Have you ever seen that Far Side comic where the Fourth wiseman gets rejected from the manger because he brought fruitcake? Well here’s what else he would have been turned away for: chocolate puff pastry!
It’s an abomination that only the American market could support. For however many centuries the French have been making puff pastry, they knew instinctively that the only way to make it chocolaty was to fill it with big chunks of chocolate. To flavor the actual pastry with cocoa powder creates something that is sort of neither here nor there…not chocolaty (is that even a word?) enough to be good, but enough to get in the way of the other flavors.
It serves me right for being too lazy to make my own puff pastry from scratch. But this company, DuFour, makes a frozen one that is easily as good as anything I could do, so I went to the store, grabbed a box, and put it in the fridge to defrost at home. I made my frangipane filling for a traditional Galette des Rois (Kings’ cake), pulled out my puff pastry, and noticed the little brown label in the corner: chocolate.
In a further (and more incriminating) onrush of laziness, I neglected to go back to the store and exchange it, and instead talked myself into trying a new thing.
I will post the recipe anyway, because I think with regular pastry this would have been perfectly delicious. Make changes at your own risk!!
Frangipane

1/2 cup butter, softened
1/2 cup ground almonds
1/2 cup sugar
2 eggs
3 tblsp. flour
2 tblsp. amaretto
pinch of salt

1 packet puff pastry

1 egg for egg wash

Mix all the ingredients for the frangipane and set aside.

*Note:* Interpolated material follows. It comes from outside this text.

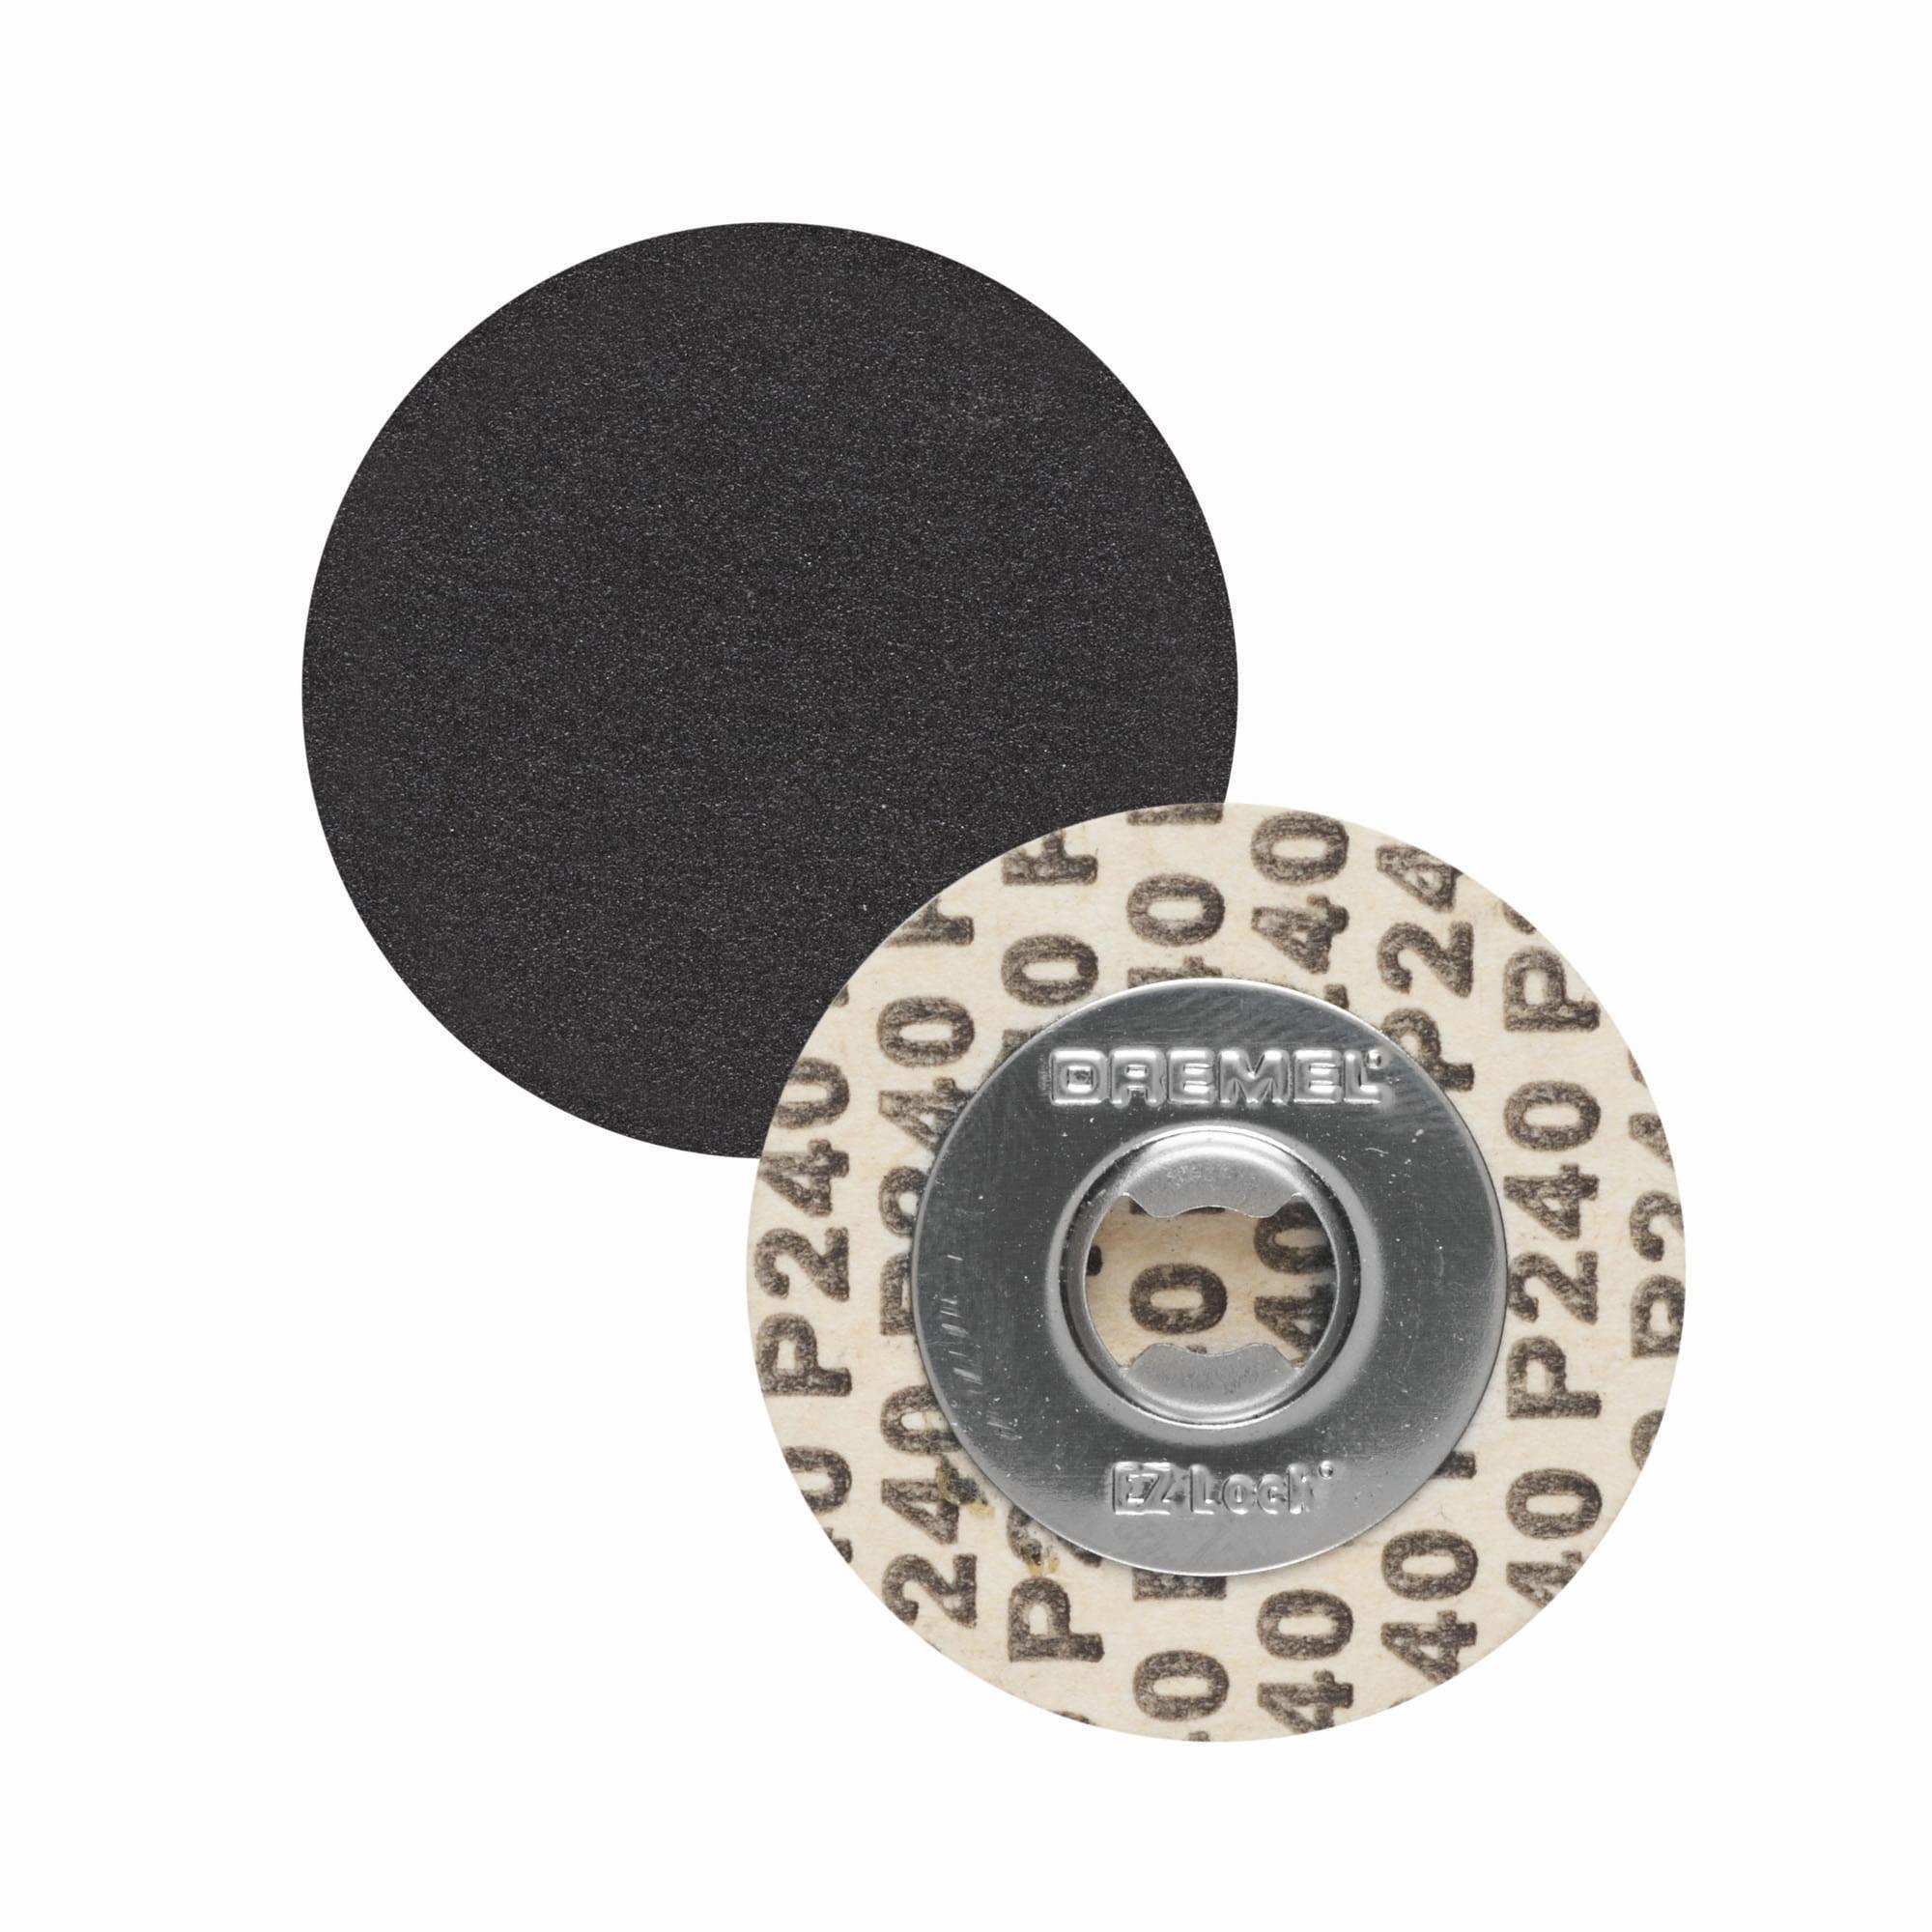 Dremel Ez413sa Ez Lock 1 1 4 Inch 240 Grit Sanding Discs 5 Pack Walmart Com

Line a baking sheet with parchment paper.

Pre-heat oven to 450 degrees.

Lay out the puff pastry and cut in half. Whisk the egg for the egg wash with a fork and add a tiny bit of water. Brush the rim of one pastry sheet with the egg wash. Using a spoon or a big piping bag, place a layer of frangipane within the egg wash rim (not too thick or it will spill out during baking…maybe a quarter inch or a little more).

Place the second layer of puff pastry on top and press down the edges so they stick together. Brush the top of the tart with egg wash, making sure not to get any on the sides (otherwise it won’t puff up). Using the back of a knife, gently score the egg wash to make any pattern you desire.

Bake at 450 for 10 minutes, then lower the temperature to 350 and bake another 20-25 minutes, until it turns golden brown.

Serve the same day for best results!